The full extent of the Irish property crash will become apparent in April when a British bank sells off bargain properties at the country’s first Distress Auction.
Lloyds Bank has commissioned auction house experts Allsop to sell off its range of distressed properties in the Shelbourne Hotel in the first of four such fire sales.
The portfolio includes a central Dublin apartment previously listed at €900,000 but now with a guide price of just €220,000.
Everything from Georgian flats in Dublin to prestige country estates will be available at the Distress Auction – but nobody really knows what anything is worth anymore after the collapse of the Celtic Tiger.

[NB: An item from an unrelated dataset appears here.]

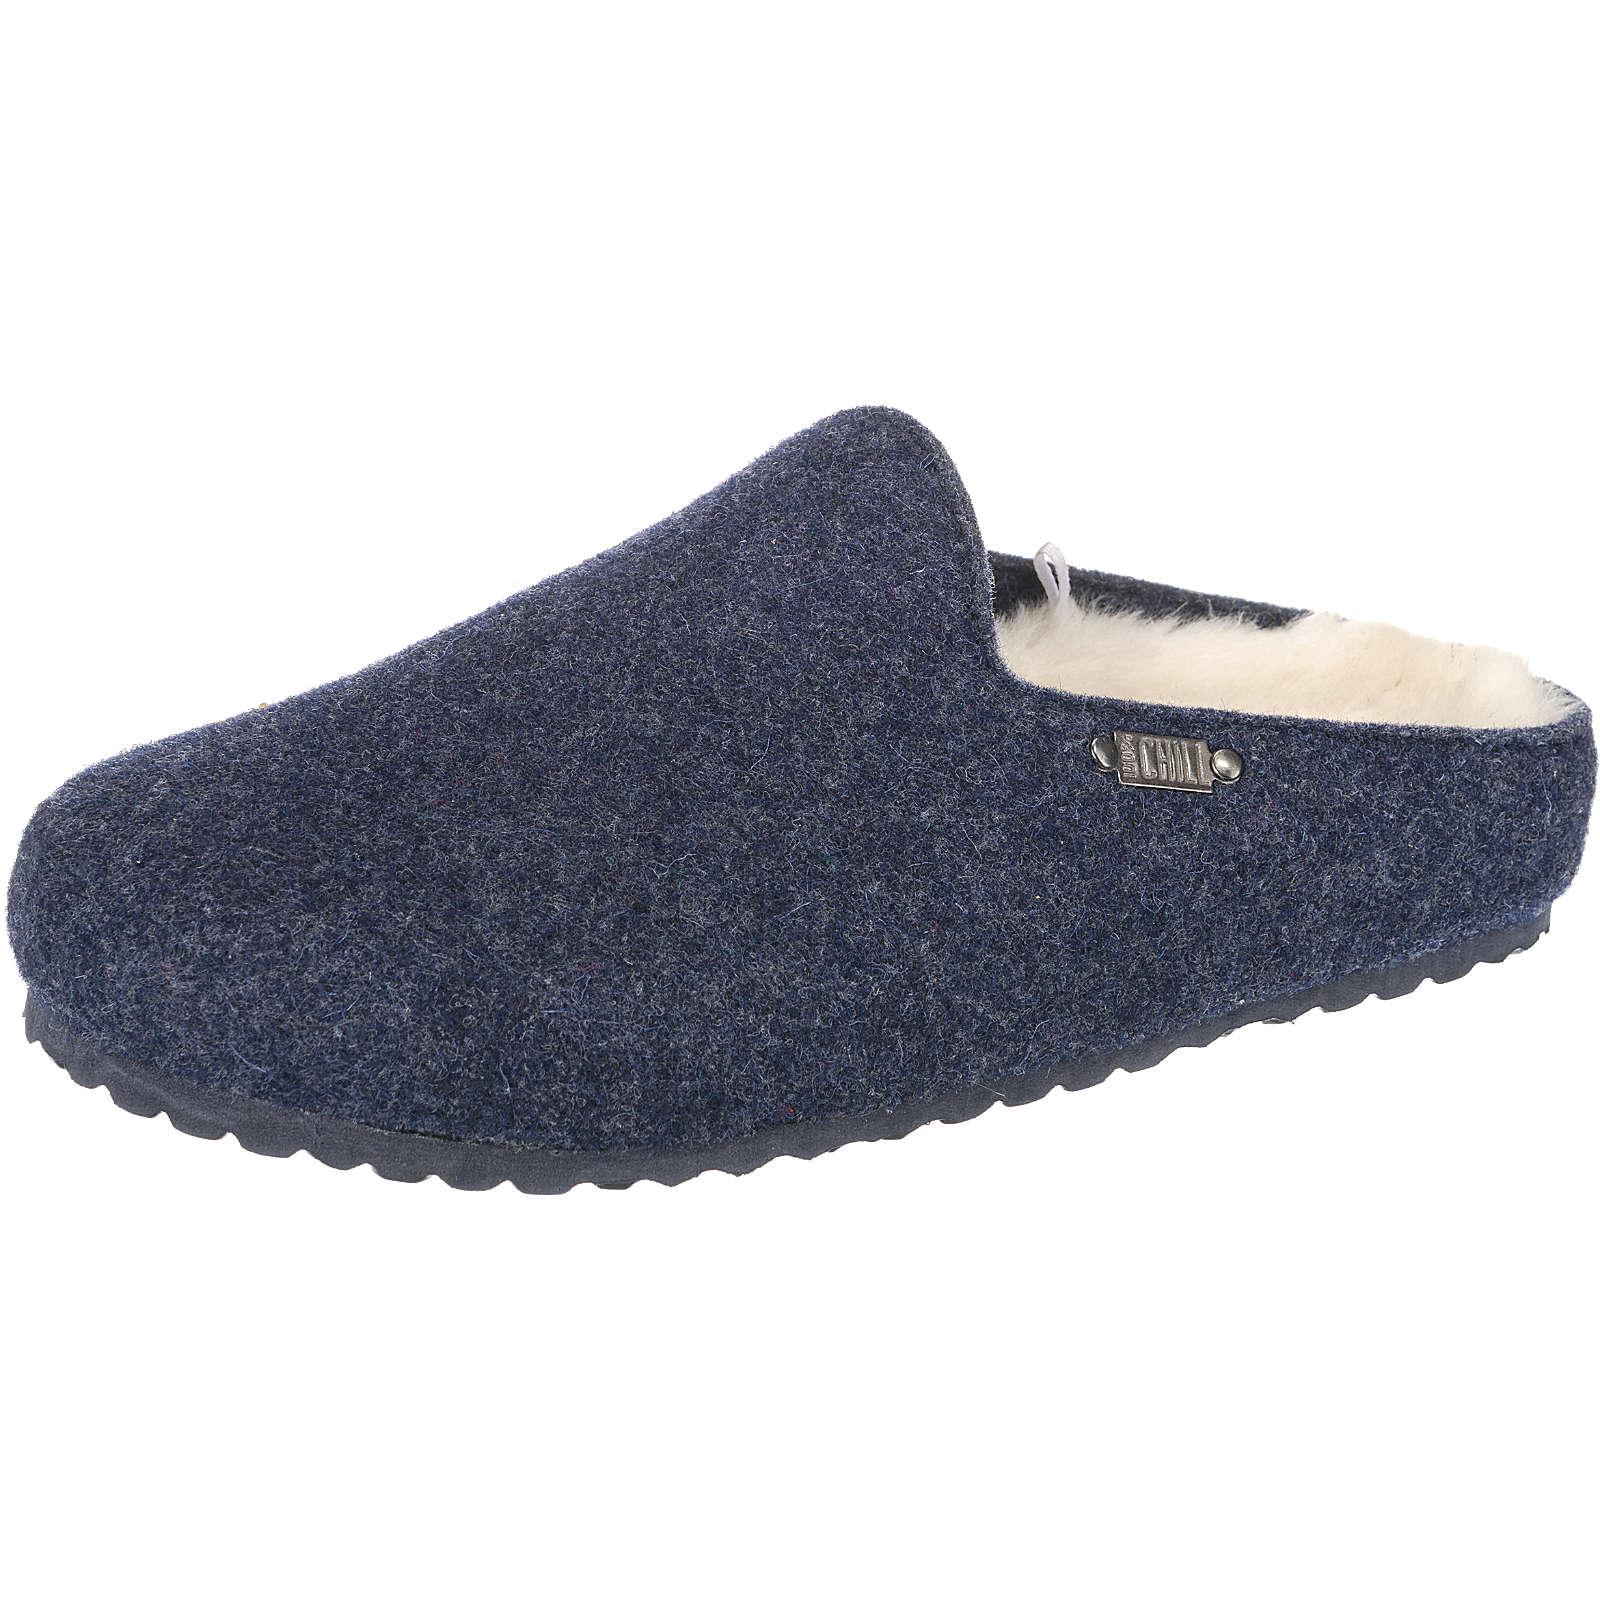 Jane Klain Pantoffeln blau Damen Gr. 39
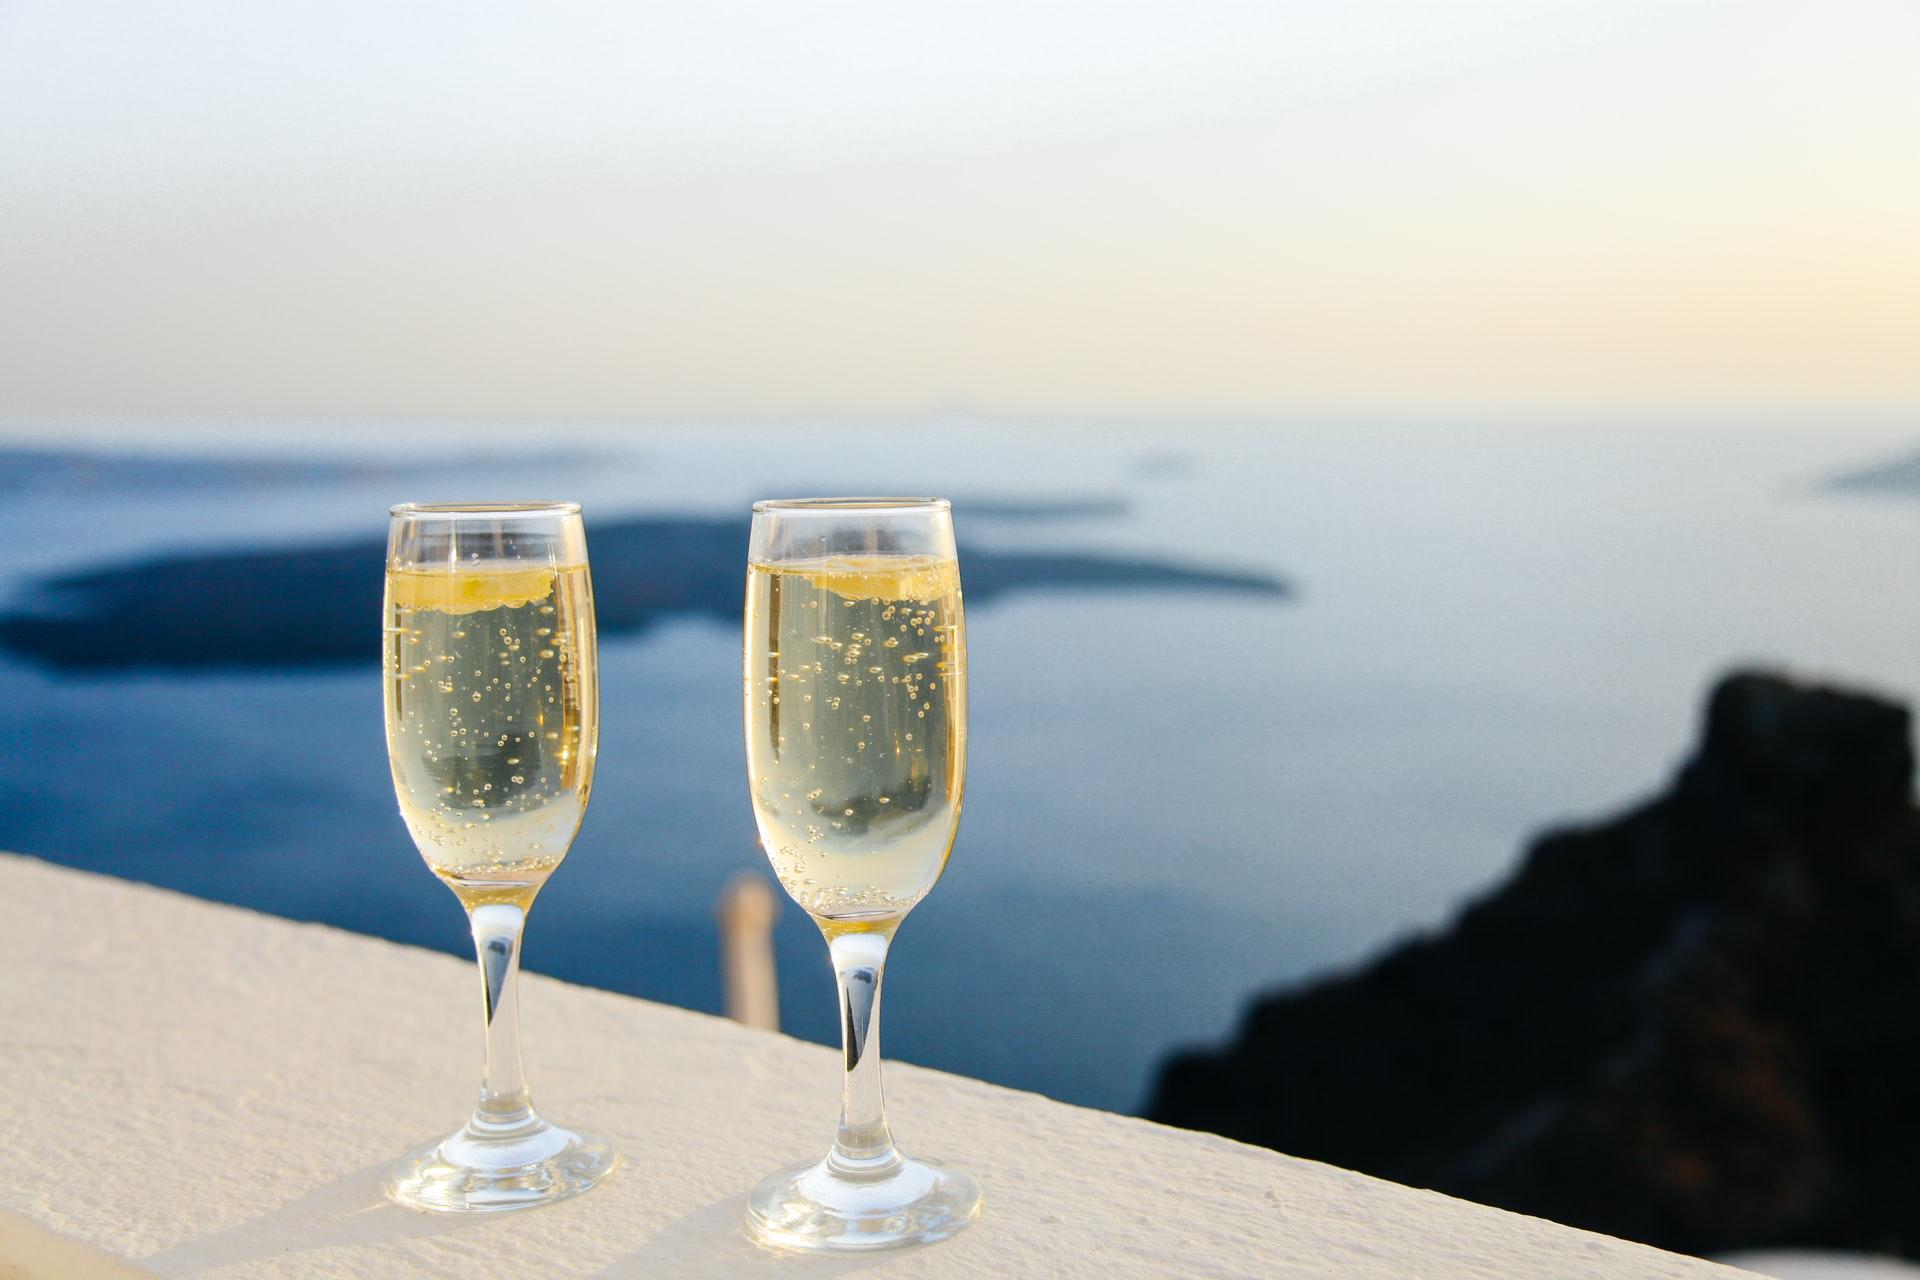 Enkele goede redenen om champagne te drinken

Up to 80 houses and apartments will be on sale in April including properties from receivers, banks and property owners.
The catalogue includes tenanted flats in the stockbroker belts of Ballsbridge and Sandymount and every property will sell with a disclosed maximum price whereby a deal is guaranteed once that figure is met.
Some of the properties are expected to sell for less than 50% of their boom time value.
“Many private sellers have been obstinately asking prices that are clearly historic and over-optimistic,” Allsop founder Stephen McCarthy told the Irish Independent.
“It’s been very difficult to say what a property is actually worth in Ireland today.”
Allsop partner Gary Murphy will conduct the first auction and claimed: “There is a tremendous business opportunity in Ireland.
“We want bidders to appreciate that if they can afford to bid the disclosed maximum then, provided the bidding does not go higher, the hammer will fall and the property will be theirs. It’s that transparent.”